The buses combined with the road and the rain and the sharply sloping angles to lend a nightmare quality to the ride, adding sound to the landscape, a terrible alarming sound like the bleat of a wounded bull, strident on the mountain air, a sound that materialized from nowhere, a sound impossible to locate, ahead, behind, where? And then the bus itself would appear, either racing past on the opposite side of the road or coming suddenly from behind, swinging out past the driver’s side of the car, clearing the fenders by inches, the horn bleating every moment of the way, while Julia clung tightly to the wheel and prayed God she wouldn’t be sideswiped and sent hurtling through those puny boulders down the face of the mountain.

They began to see the goat signs. The signs were painted onto the rock walls of the mountain. They were painted in white, and there were no words, simply drawings, unmistakable pictures of goats. The signs frightened Julia because now, besides having to worry about the rain and the road and the buses, she also had to worry about animals suddenly crossing the road. She made up her mind that she would hit any goat that got in her path rather than swerve to avoid him.
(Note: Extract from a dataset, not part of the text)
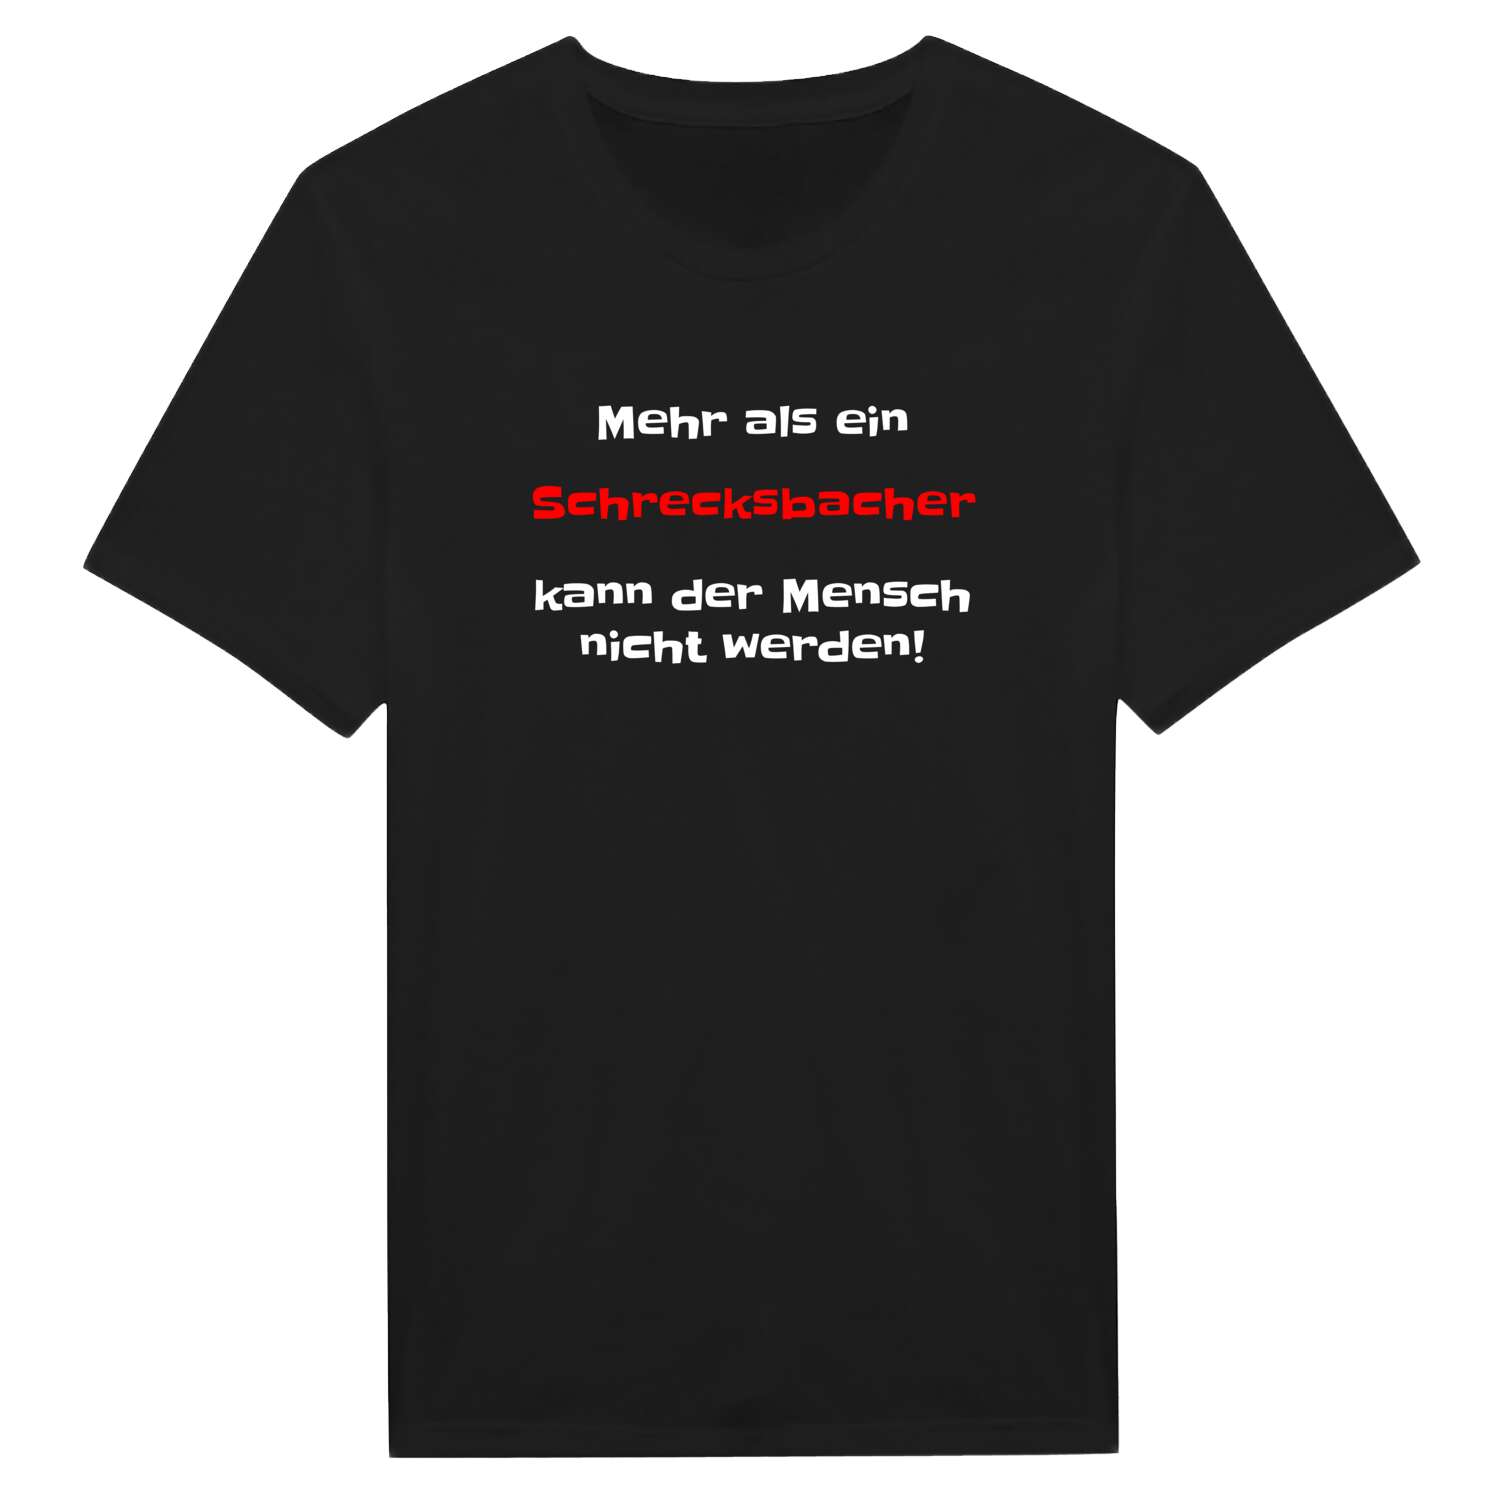 Schrecksbach T-Shirt »Mehr als ein«

She was frightened, but she was also excited and exhilarated. Her hair had come loose and clung wetly to her forehead and her cheeks. Her face was flushed. She had unbuttoned the top button of her blouse, and she could feel drops of perspiration as they trickled past her throat and between her breasts. She had long ago down-shifted to second, and she drove in that gear constantly now, listening for the sound of the buses, beginning to know whether they were coming from ahead or behind. There was, too, she realized, at least a two-foot safety margin between her and the edge of the road when she was driving on the outside. She was beginning to get the feel of the auto, to know its width and its length, and the sound of its engine. The first goats they saw were huddled against the side of the road, protected from the rain by an overhanging rock ledge. Julia smiled when they passed them.